**WORK INSTRUCTIONS**
Only the lines below from the one containing "HUNTING JACKET(3L,4L,5L) ハンティングジャケット" through the one containing "lovesong-riley-keough-jena-malone-2016-movie" belong in the answer, set down exactly, with the pictures left out.
:: DATA
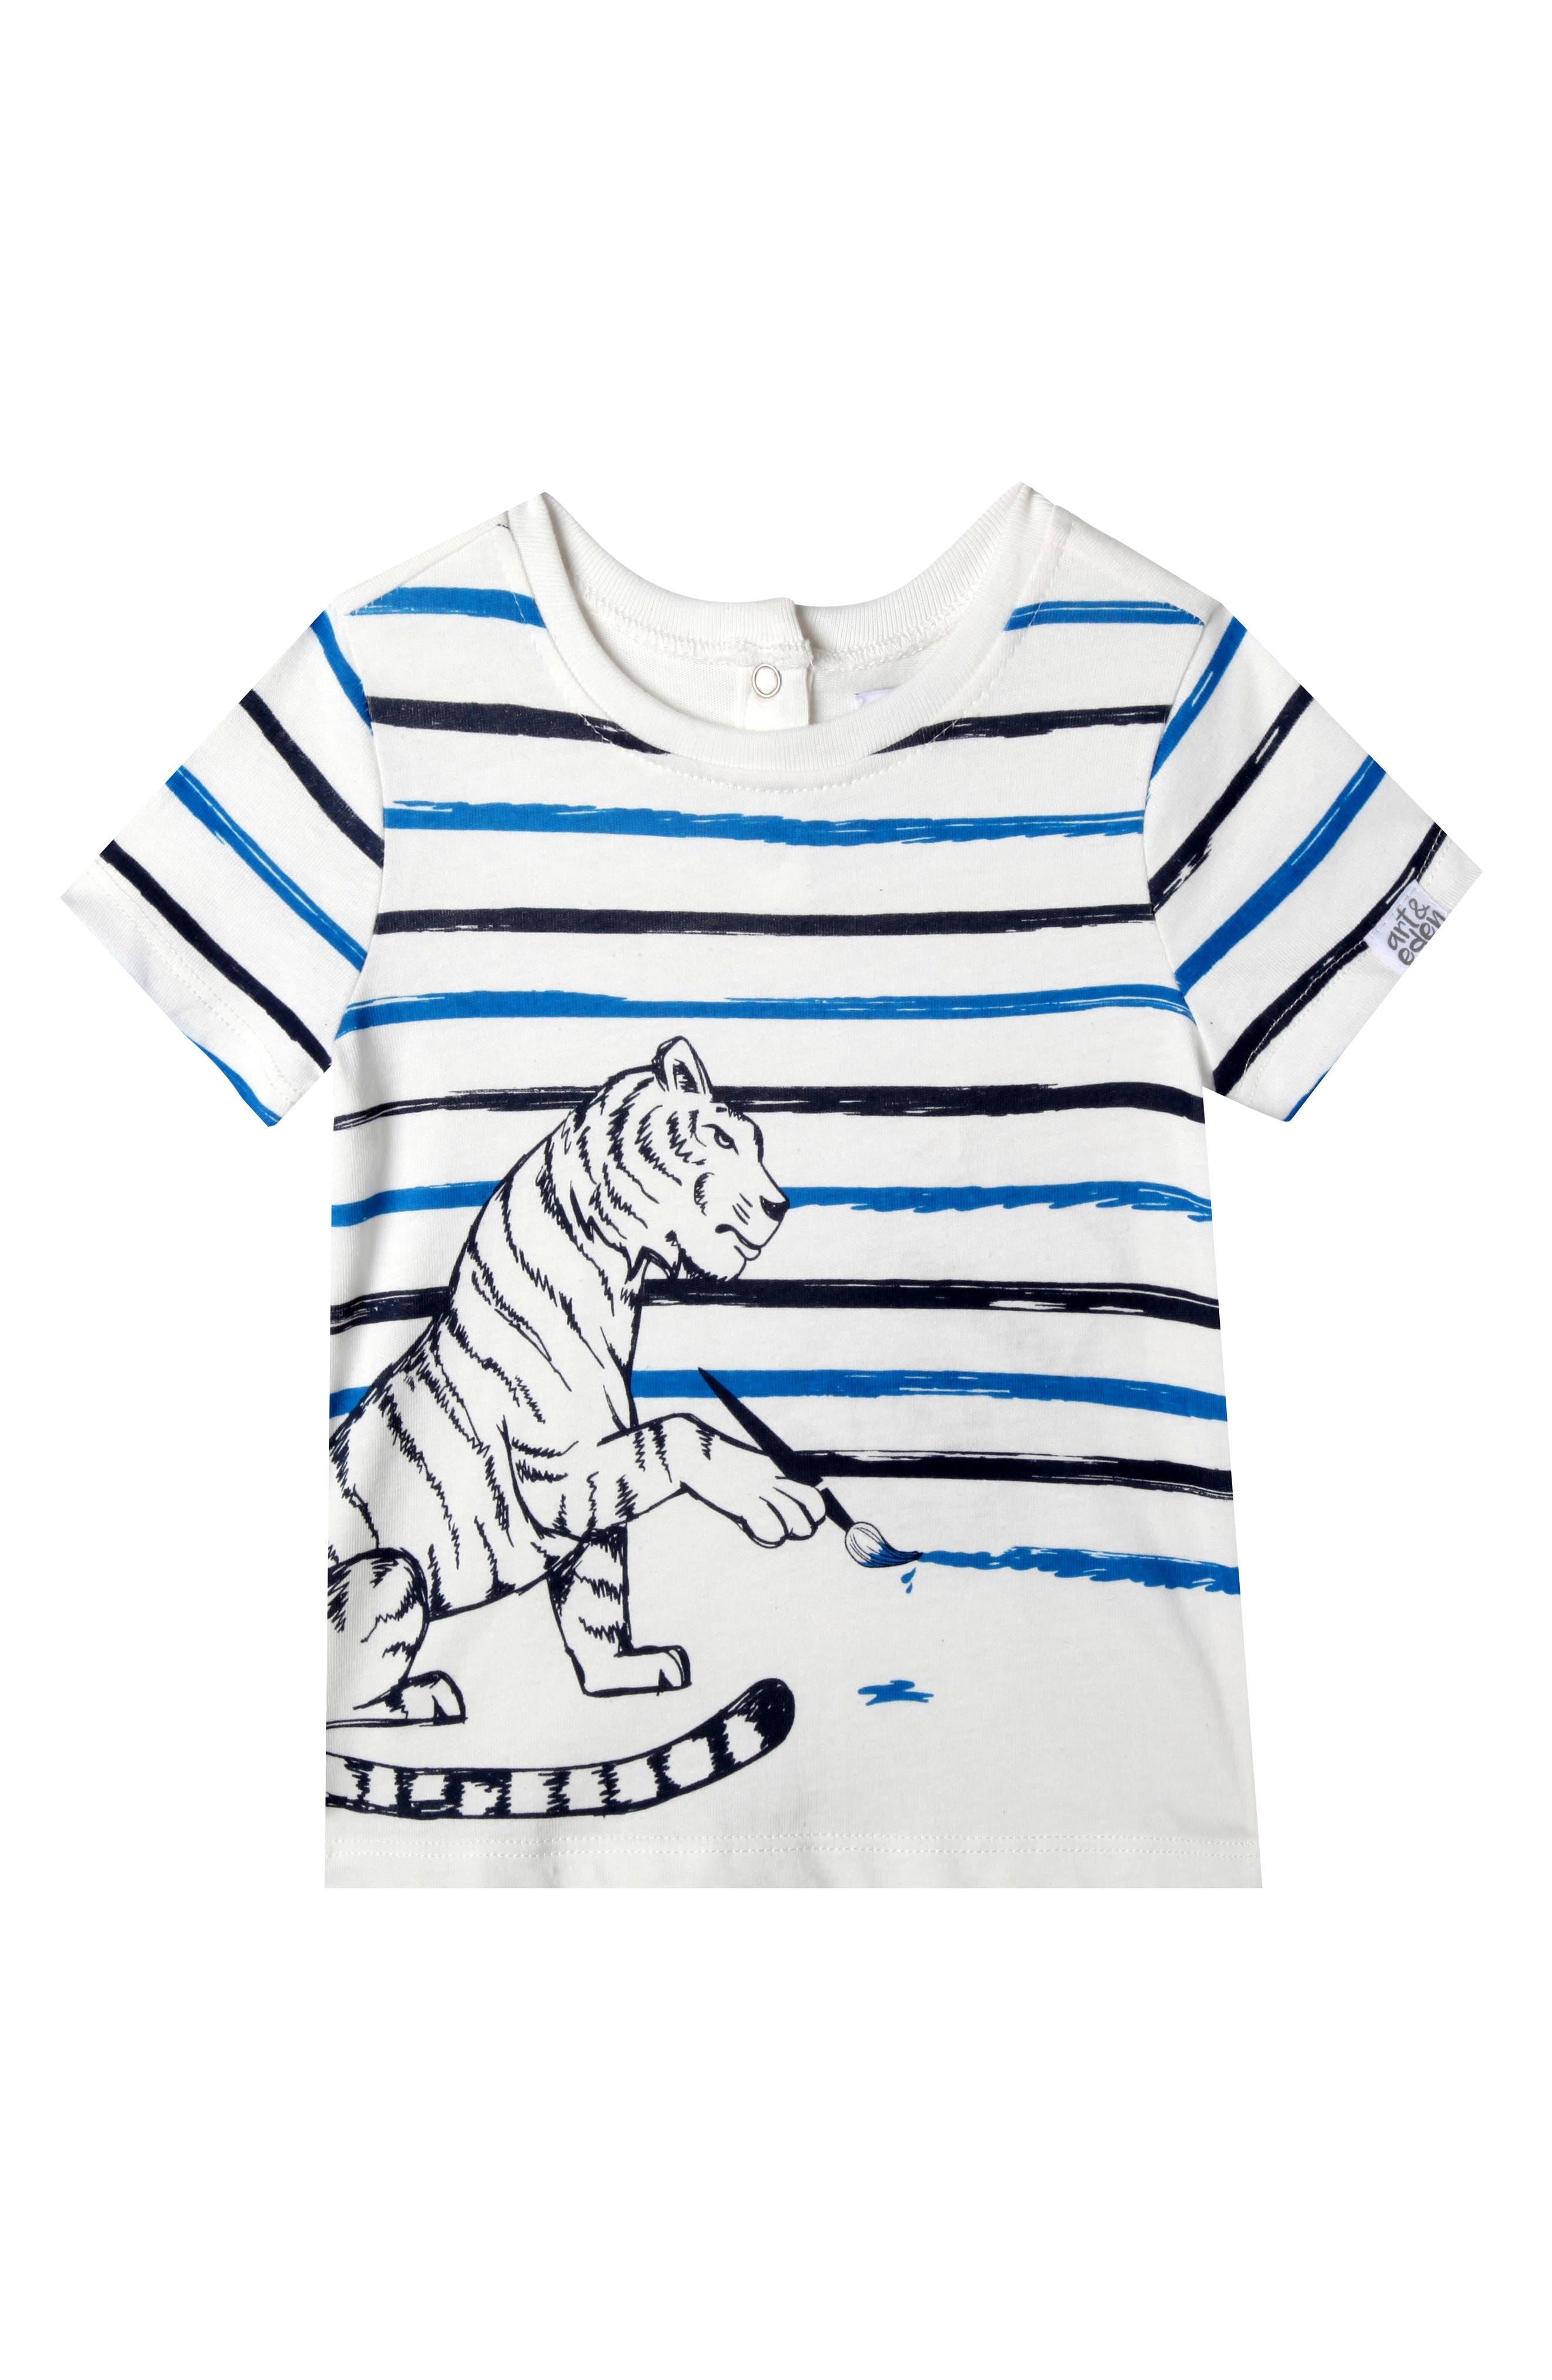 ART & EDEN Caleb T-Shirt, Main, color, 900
::::
:: DATA
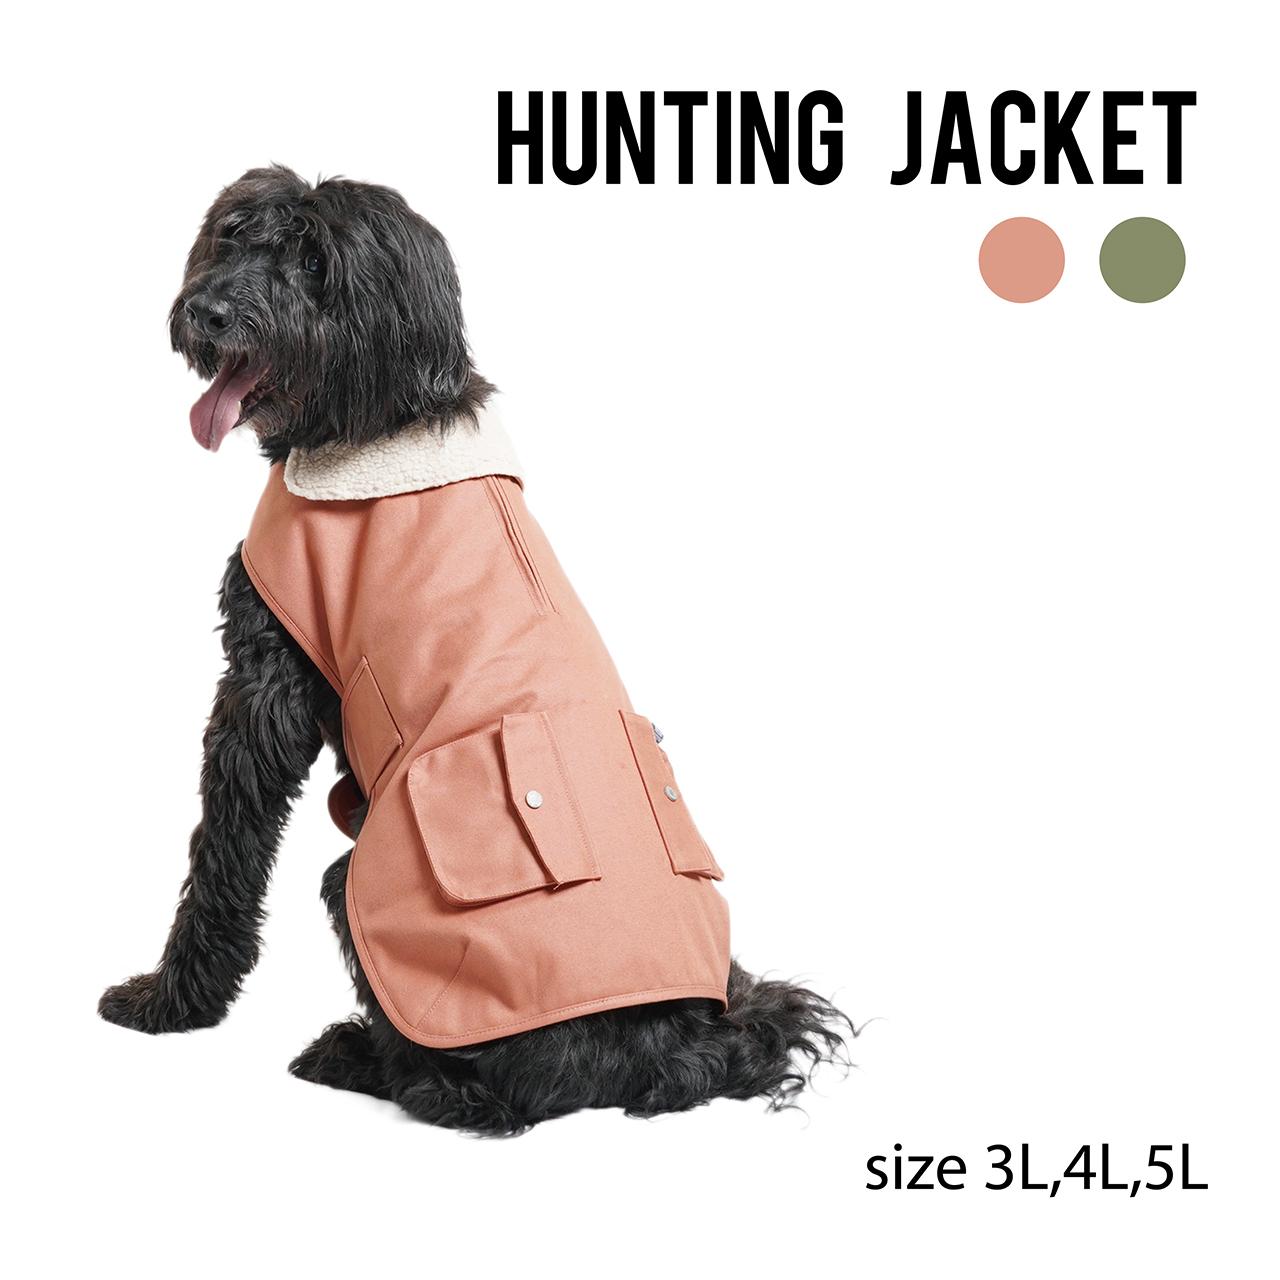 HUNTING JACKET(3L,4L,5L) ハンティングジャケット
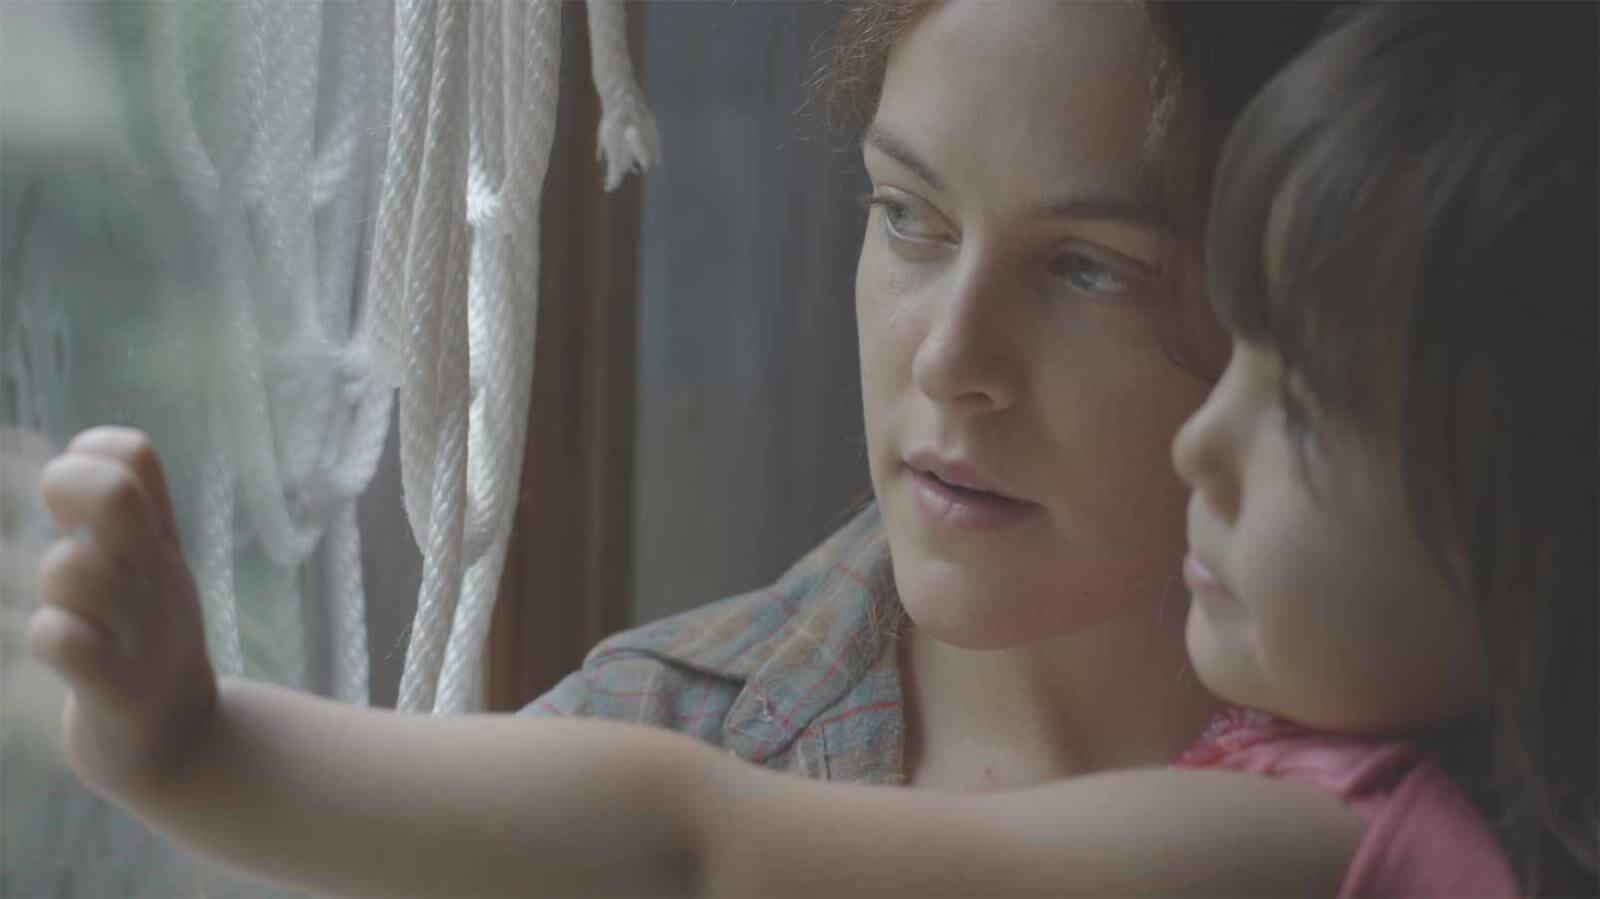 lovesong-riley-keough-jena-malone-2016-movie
::::
**EXERCISE SOLUTION**
 HUNTING JACKET(3L,4L,5L) ハンティングジャケット
 lovesong-riley-keough-jena-malone-2016-movie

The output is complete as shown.